### What you will do
How do the records below read from their first line through the line containing "Free Printable Coloring"? Write those lines out exactly.

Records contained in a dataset
*** Begin section ***

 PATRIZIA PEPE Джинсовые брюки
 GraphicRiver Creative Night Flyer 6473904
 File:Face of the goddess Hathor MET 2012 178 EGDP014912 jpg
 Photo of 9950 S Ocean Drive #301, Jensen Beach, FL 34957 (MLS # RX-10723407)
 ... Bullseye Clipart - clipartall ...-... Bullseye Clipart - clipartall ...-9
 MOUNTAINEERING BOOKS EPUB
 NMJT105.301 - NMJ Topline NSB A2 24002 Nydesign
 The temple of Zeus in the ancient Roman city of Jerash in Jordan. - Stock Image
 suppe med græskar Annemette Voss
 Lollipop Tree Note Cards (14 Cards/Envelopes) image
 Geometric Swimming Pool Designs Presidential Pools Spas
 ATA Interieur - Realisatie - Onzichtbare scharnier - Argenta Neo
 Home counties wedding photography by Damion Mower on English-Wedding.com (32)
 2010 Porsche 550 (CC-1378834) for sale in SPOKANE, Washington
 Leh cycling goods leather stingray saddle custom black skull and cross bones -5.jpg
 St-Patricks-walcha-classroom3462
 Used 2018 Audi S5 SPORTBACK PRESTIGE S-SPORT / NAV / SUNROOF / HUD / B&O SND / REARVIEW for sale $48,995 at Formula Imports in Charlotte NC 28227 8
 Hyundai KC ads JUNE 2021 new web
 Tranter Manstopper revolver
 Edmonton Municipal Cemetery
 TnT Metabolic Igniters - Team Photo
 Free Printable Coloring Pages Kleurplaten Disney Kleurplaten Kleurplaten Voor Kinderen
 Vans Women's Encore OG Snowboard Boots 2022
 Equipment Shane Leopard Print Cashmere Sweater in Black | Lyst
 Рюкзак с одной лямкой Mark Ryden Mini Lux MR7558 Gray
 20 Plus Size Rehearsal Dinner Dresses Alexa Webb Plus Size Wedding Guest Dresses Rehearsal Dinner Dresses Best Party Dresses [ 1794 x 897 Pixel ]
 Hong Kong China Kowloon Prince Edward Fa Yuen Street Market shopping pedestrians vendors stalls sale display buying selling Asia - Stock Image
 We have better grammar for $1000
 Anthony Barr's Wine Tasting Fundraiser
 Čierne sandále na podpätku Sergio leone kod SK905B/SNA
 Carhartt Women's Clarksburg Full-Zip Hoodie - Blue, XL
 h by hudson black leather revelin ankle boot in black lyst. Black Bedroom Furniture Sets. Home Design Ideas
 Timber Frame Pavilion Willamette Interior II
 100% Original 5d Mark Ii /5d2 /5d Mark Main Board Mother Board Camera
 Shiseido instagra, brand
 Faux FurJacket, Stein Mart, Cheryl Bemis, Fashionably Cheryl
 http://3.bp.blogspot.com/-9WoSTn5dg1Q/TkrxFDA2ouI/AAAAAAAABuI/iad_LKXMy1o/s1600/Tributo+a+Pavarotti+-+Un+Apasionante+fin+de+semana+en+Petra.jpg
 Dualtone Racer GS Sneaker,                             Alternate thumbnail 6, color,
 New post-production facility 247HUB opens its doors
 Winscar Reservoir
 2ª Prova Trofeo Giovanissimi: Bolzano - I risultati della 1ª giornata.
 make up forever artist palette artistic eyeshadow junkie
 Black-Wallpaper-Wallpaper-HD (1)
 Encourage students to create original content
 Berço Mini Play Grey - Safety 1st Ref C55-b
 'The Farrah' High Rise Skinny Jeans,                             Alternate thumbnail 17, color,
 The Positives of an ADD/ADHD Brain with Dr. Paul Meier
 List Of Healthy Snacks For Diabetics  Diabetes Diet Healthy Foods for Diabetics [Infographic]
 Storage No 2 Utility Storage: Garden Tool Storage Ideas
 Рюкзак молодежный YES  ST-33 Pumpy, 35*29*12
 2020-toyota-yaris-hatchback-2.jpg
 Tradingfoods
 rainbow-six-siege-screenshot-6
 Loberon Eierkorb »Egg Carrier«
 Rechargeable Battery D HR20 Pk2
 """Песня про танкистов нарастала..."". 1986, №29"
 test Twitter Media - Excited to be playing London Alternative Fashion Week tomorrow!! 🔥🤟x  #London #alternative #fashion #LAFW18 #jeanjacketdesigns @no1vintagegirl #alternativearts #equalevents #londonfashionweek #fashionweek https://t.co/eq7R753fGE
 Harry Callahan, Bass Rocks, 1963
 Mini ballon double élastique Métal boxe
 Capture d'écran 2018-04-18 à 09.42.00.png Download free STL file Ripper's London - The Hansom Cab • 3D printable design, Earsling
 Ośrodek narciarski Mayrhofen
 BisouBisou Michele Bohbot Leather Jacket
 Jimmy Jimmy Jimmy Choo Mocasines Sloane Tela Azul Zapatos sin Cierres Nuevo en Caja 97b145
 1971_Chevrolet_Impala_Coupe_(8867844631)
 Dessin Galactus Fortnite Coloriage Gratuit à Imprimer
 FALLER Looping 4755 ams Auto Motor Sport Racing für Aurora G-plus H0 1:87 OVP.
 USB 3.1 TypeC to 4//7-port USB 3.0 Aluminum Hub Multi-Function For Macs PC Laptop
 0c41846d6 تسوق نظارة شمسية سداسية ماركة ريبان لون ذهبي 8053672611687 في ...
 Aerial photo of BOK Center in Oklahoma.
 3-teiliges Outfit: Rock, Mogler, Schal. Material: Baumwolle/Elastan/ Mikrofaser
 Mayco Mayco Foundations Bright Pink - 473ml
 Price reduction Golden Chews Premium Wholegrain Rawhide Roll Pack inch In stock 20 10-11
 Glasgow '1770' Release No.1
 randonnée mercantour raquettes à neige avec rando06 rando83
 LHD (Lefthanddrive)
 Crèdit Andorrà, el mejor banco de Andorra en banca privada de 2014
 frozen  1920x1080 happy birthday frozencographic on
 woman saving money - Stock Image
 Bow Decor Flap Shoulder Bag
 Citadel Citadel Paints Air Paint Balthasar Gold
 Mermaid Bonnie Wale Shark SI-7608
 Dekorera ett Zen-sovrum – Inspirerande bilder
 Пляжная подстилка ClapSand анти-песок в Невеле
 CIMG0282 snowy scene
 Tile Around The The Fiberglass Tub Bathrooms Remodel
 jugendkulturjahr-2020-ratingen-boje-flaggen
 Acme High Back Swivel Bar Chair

*** End section ***

### Completed exercise
 PATRIZIA PEPE Джинсовые брюки
 GraphicRiver Creative Night Flyer 6473904
 File:Face of the goddess Hathor MET 2012 178 EGDP014912 jpg
 Photo of 9950 S Ocean Drive #301, Jensen Beach, FL 34957 (MLS # RX-10723407)
 ... Bullseye Clipart - clipartall ...-... Bullseye Clipart - clipartall ...-9
 MOUNTAINEERING BOOKS EPUB
 NMJT105.301 - NMJ Topline NSB A2 24002 Nydesign
 The temple of Zeus in the ancient Roman city of Jerash in Jordan. - Stock Image
 suppe med græskar Annemette Voss
 Lollipop Tree Note Cards (14 Cards/Envelopes) image
 Geometric Swimming Pool Designs Presidential Pools Spas
 ATA Interieur - Realisatie - Onzichtbare scharnier - Argenta Neo
 Home counties wedding photography by Damion Mower on English-Wedding.com (32)
 2010 Porsche 550 (CC-1378834) for sale in SPOKANE, Washington
 Leh cycling goods leather stingray saddle custom black skull and cross bones -5.jpg
 St-Patricks-walcha-classroom3462
 Used 2018 Audi S5 SPORTBACK PRESTIGE S-SPORT / NAV / SUNROOF / HUD / B&O SND / REARVIEW for sale $48,995 at Formula Imports in Charlotte NC 28227 8
 Hyundai KC ads JUNE 2021 new web
 Tranter Manstopper revolver
 Edmonton Municipal Cemetery
 TnT Metabolic Igniters - Team Photo
 Free Printable Coloring Pages Kleurplaten Disney Kleurplaten Kleurplaten Voor Kinderen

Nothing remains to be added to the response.